Instashop partners with approximately 1,500 vendors and operates in the United Arab Emirates, Qatar, Bahrain, Egypt, and Lebanon.

== History ==
In the second half of 2015, Instashop secured its first external financing—approximately US$365,000 in seed funding—from Dubai's Jabbar Internet Group and Greece-based VentureFriends, with a follow-on round in 2016 bringing total seed-stage investment to around US$750,000. In October 2016, Souq.com acquired a significant minority stake in the company, enabling Instashop to expand beyond the UAE into Qatar, Bahrain, Egypt and Lebanon by 2018. Souq.com itself was later acquired by Amazon.com in 2017, indirectly linking Amazon to InstaShop's investor base.

In October 2016, Souq.сom, one of the Gulf region e-commerce major companies, invested in instashop. On August 26, 2020, instashop announced its acquisition by Berlin-based Delivery Hero in a deal reportedly worth $360 million.

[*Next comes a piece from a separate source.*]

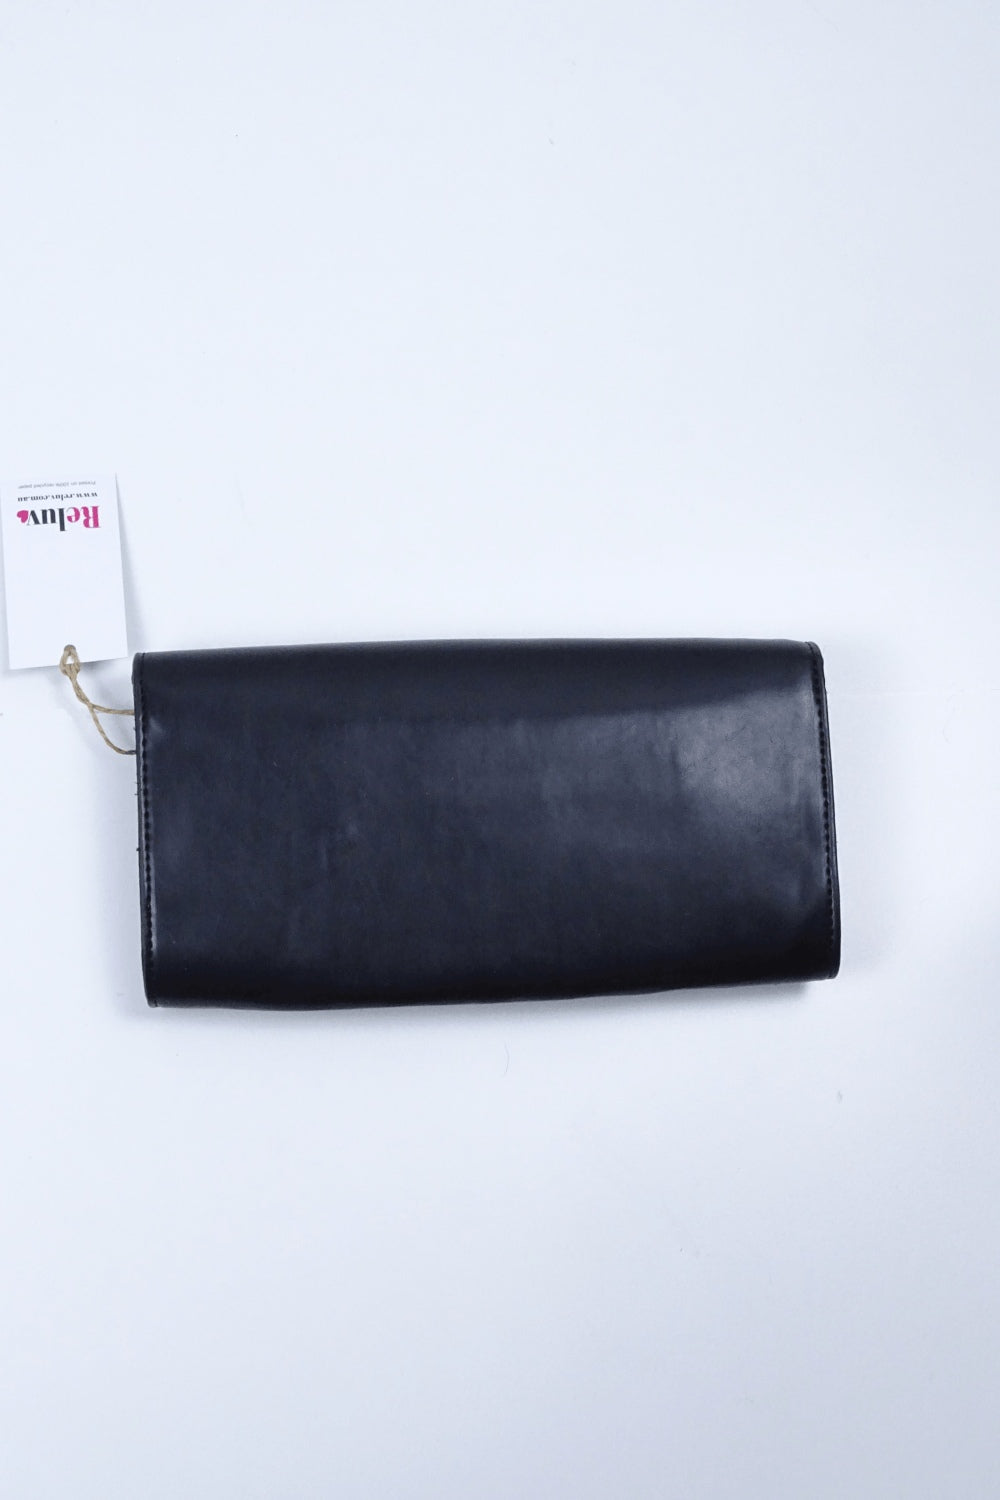 Black Faux Leather Clutch with Strap

At the time of the acquisition, InstaShop had reportedly reached a gross merchandise value (GMV) of US$360 million. instashop has continued to operate as an independent brand with no changes in its management.

On November 17, 2023, founder John Tsioris stepped down as CEO and was succeeded by Nikola Cabarkapa.

In 2024, InstaShop generated a gross merchandise value (GMV) of US$631 million, representing a 16 percent year-over-year increase, which accounted for roughly 8 percent of Talabat's overall 2024 GMV.

On February 25, 2025, food delivery platform Talabat Holding fully acquired instashop from Delivery Hero in a deal valued at $32 million, according to a regulatory filing. The price is largely symbolic, as the agreement is part of an internal restructuring within Delivery Hero. instashop continues to operate as an independent brand within Talabat's Grocery and Retail vertical.